An exact copy of all the data is required, with pictures left out.
[DATA PROVIDED Boundary: Start]
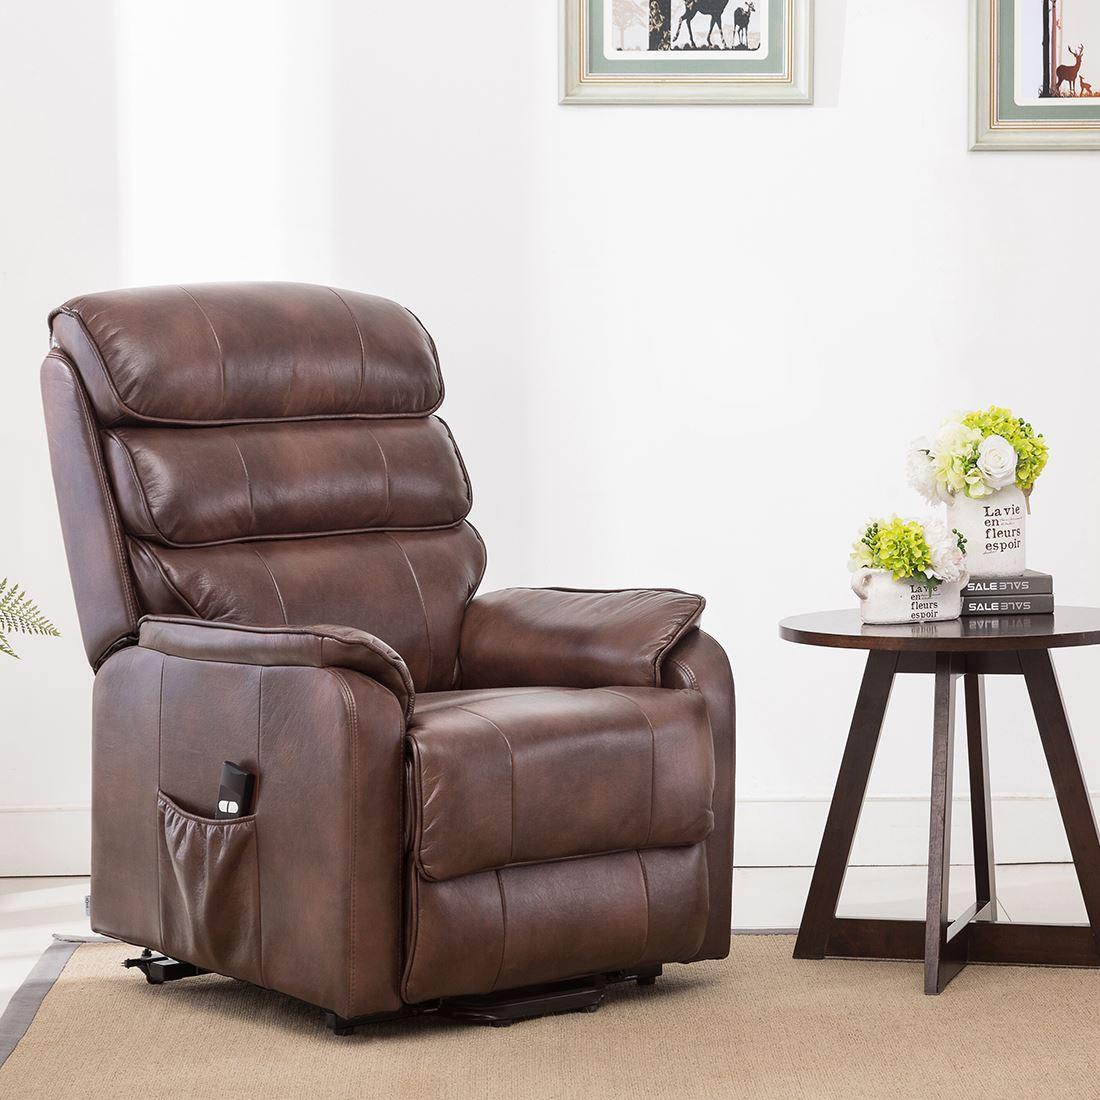 Pleasing Details About Buckingham Electric Rise Recliner Leather Air Riser Sofa Armchair Lounge Chair Creativecarmelina Interior Chair Design Creativecarmelinacom
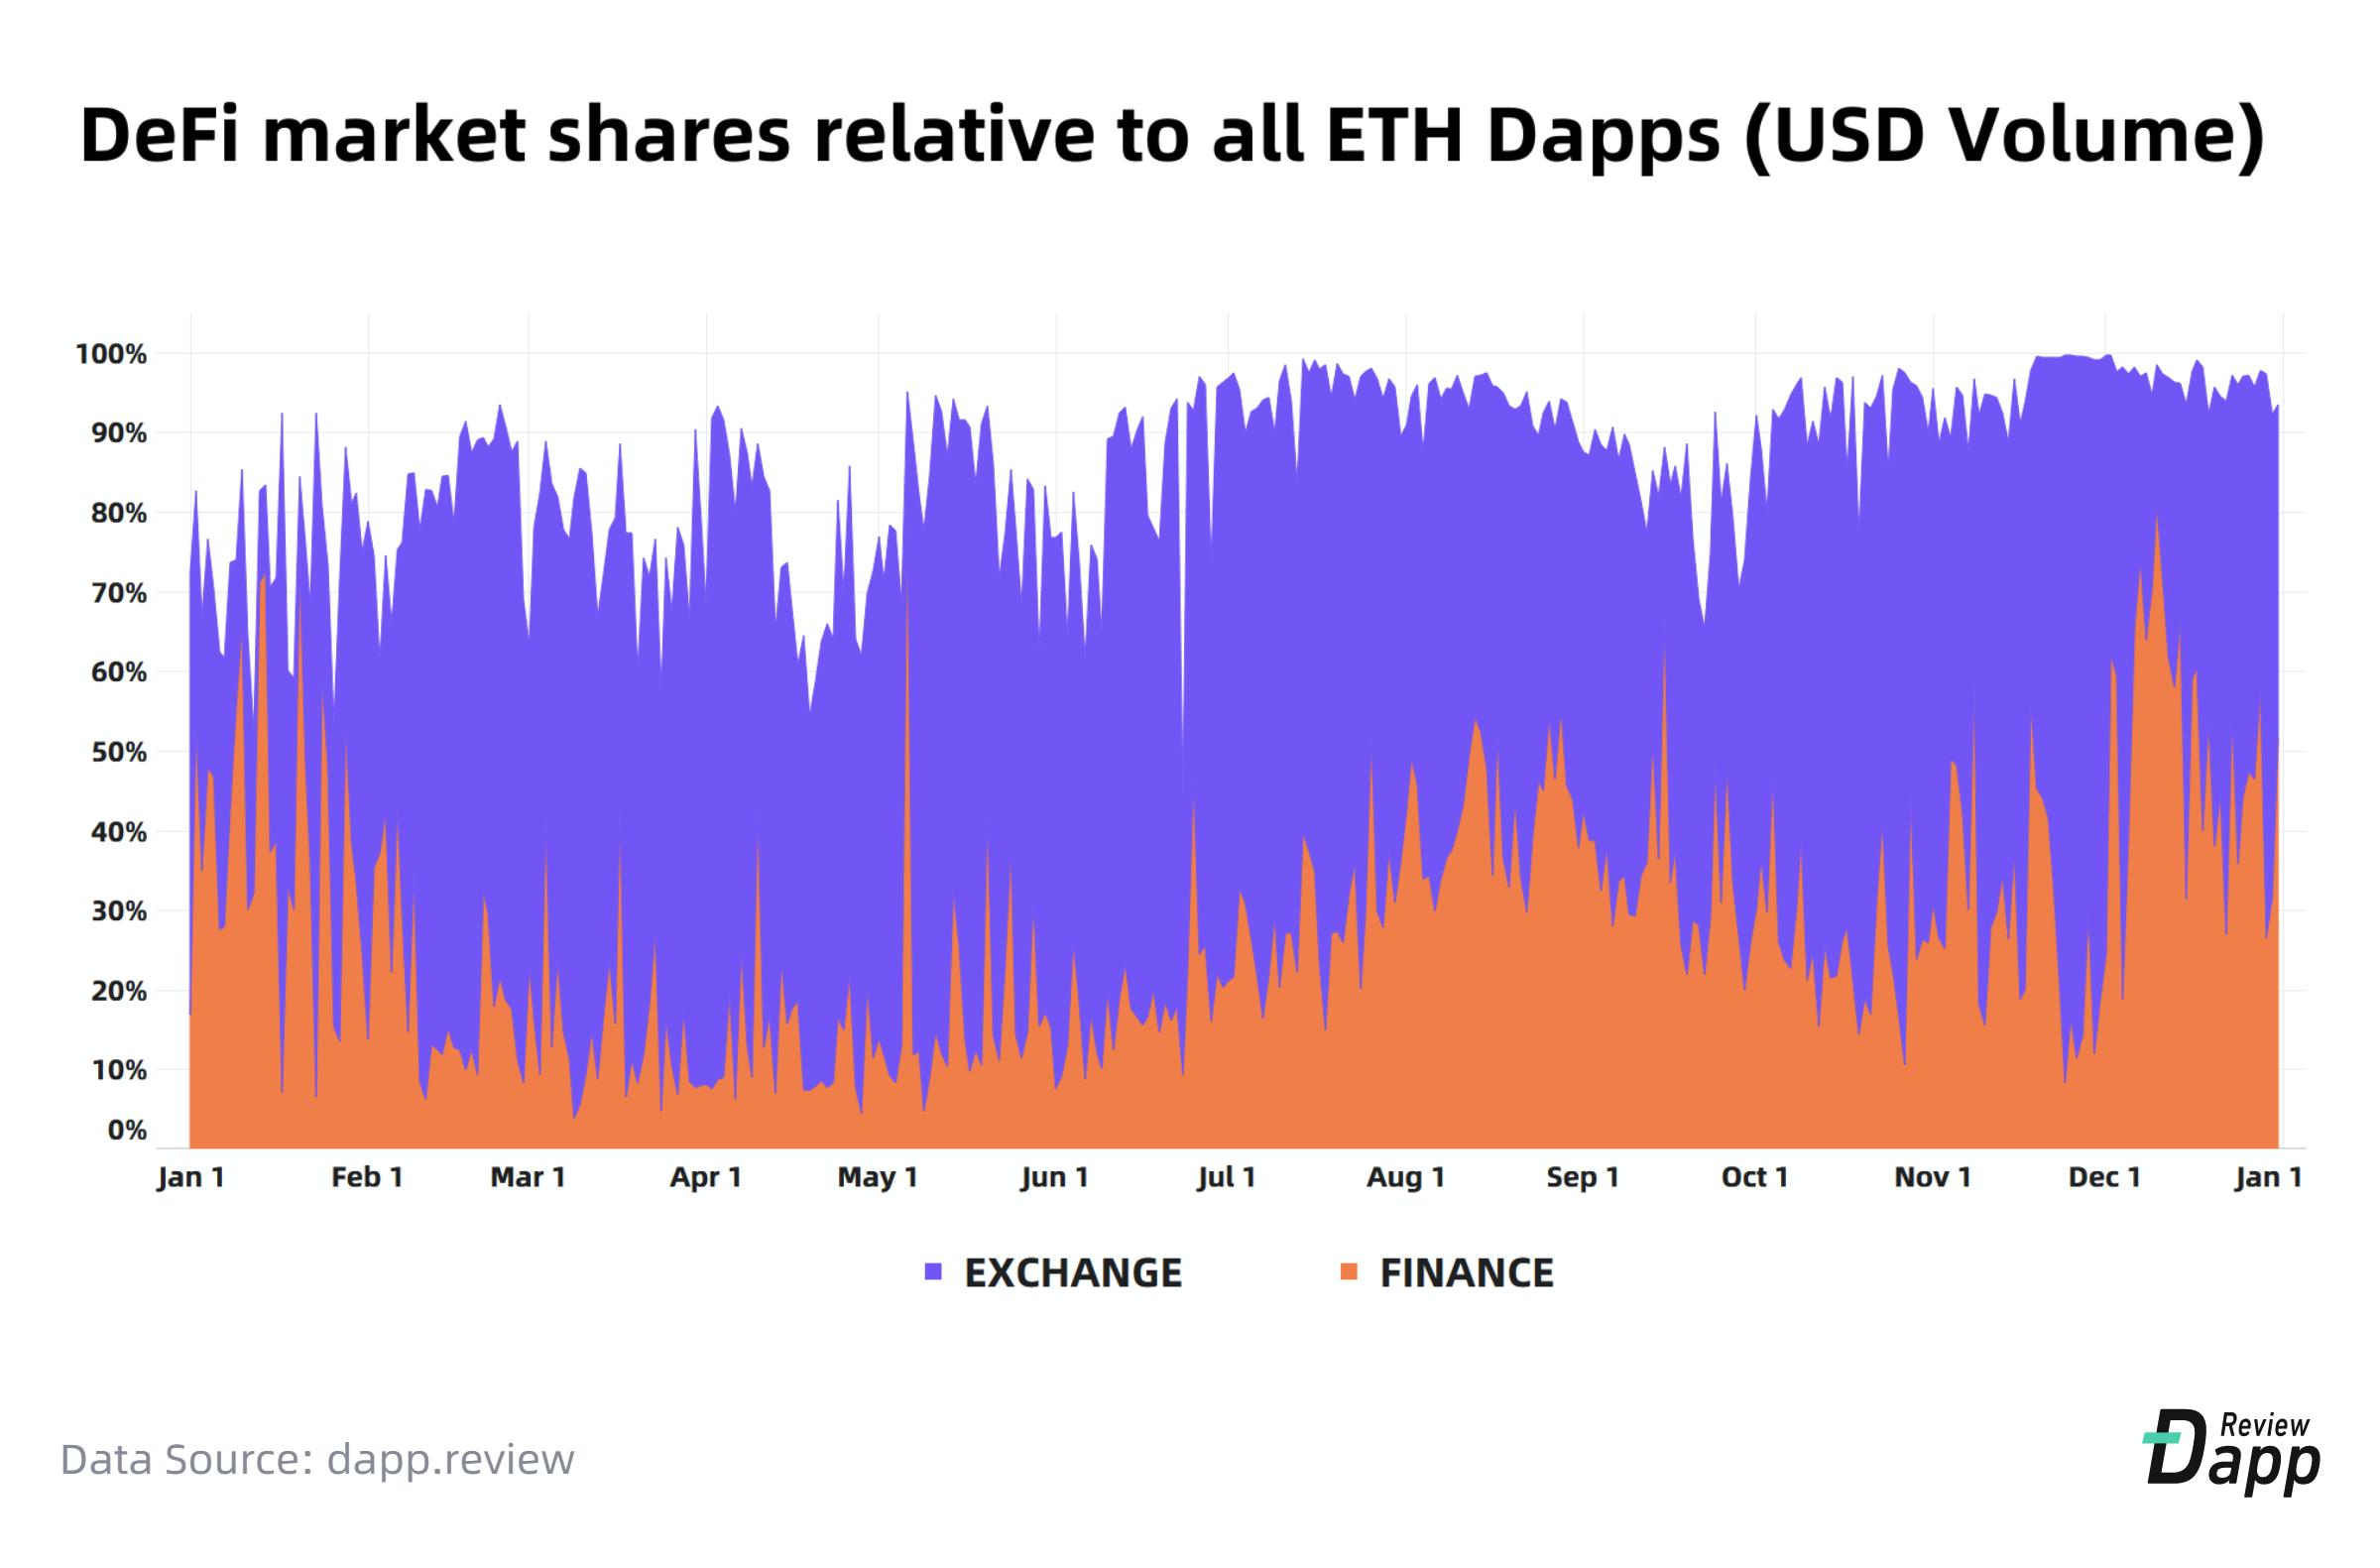 "Ethereum, Tron y EOS controlan el 98% del volumen total de Dapp ""ancho ="" 2400 ""altura ="" 1581 ""srcset ="" https://blackswanfinances.com/wp-content/uploads/2020/01/defi.png 2400w, https://news.bitcoin.com/wp-content/uploads/2020/01/defi-300x198.png 300w, https://news.bitcoin.com/wp-content/uploads/2020/01/defi-1024x675.png 1024w, https://news.bitcoin.com/wp-content/uploads/2020/01/defi -768x506.png 768w, https://news.bitcoin.com/wp-content/uploads/2020/01/defi-1536x1012.png 1536w, https://news.bitcoin.com/wp-content/uploads/2020 /01/defi-2048x1349.png 2048w, https://news.bitcoin.com/wp-content/uploads/2020/01/defi-696x458.png 696w, https://news.bitcoin.com/wp-content /uploads/2020/01/defi-1392x917.png 1392w, https://news.bitcoin.com/wp-content/uploads/2020/01/defi-1068x704.png 1068w, https://news.bitcoin.com /wp-content/uploads/2020/01/defi-638x420.png 638w, https://news.bitcoin.com/wp-conte nt / uploads / 2020/01 / defi-1920x1265.png 1920w ""tamaños ="" (ancho máximo: 2400px) 100vw, 2400px"
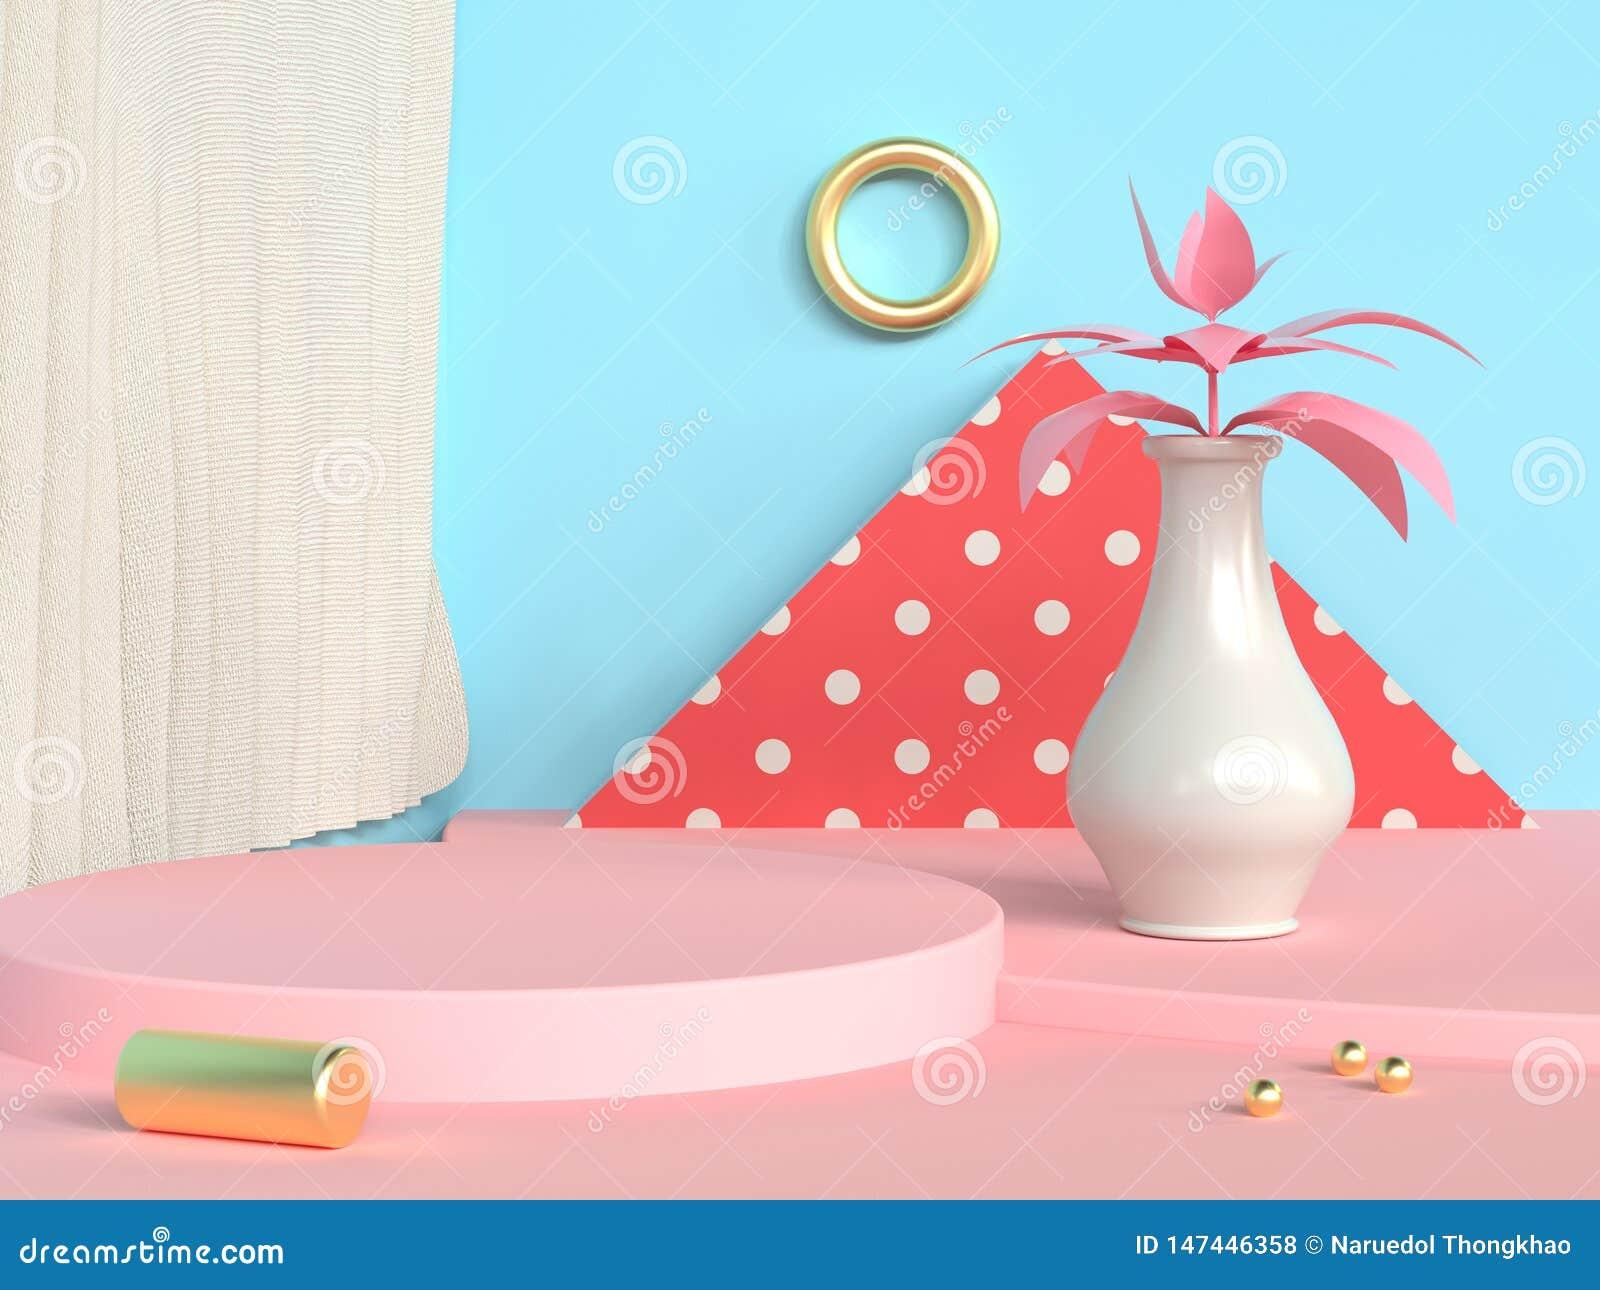 blank circle podium abstract scene blue wall pink floor tree pot/jar 3d render
[DATA PROVIDED Boundary: End]
SOLUTION:
 Pleasing Details About Buckingham Electric Rise Recliner Leather Air Riser Sofa Armchair Lounge Chair Creativecarmelina Interior Chair Design Creativecarmelinacom
 "Ethereum, Tron y EOS controlan el 98% del volumen total de Dapp ""ancho ="" 2400 ""altura ="" 1581 ""srcset ="" https://blackswanfinances.com/wp-content/uploads/2020/01/defi.png 2400w, https://news.bitcoin.com/wp-content/uploads/2020/01/defi-300x198.png 300w, https://news.bitcoin.com/wp-content/uploads/2020/01/defi-1024x675.png 1024w, https://news.bitcoin.com/wp-content/uploads/2020/01/defi -768x506.png 768w, https://news.bitcoin.com/wp-content/uploads/2020/01/defi-1536x1012.png 1536w, https://news.bitcoin.com/wp-content/uploads/2020 /01/defi-2048x1349.png 2048w, https://news.bitcoin.com/wp-content/uploads/2020/01/defi-696x458.png 696w, https://news.bitcoin.com/wp-content /uploads/2020/01/defi-1392x917.png 1392w, https://news.bitcoin.com/wp-content/uploads/2020/01/defi-1068x704.png 1068w, https://news.bitcoin.com /wp-content/uploads/2020/01/defi-638x420.png 638w, https://news.bitcoin.com/wp-conte nt / uploads / 2020/01 / defi-1920x1265.png 1920w ""tamaños ="" (ancho máximo: 2400px) 100vw, 2400px"
 blank circle podium abstract scene blue wall pink floor tree pot/jar 3d render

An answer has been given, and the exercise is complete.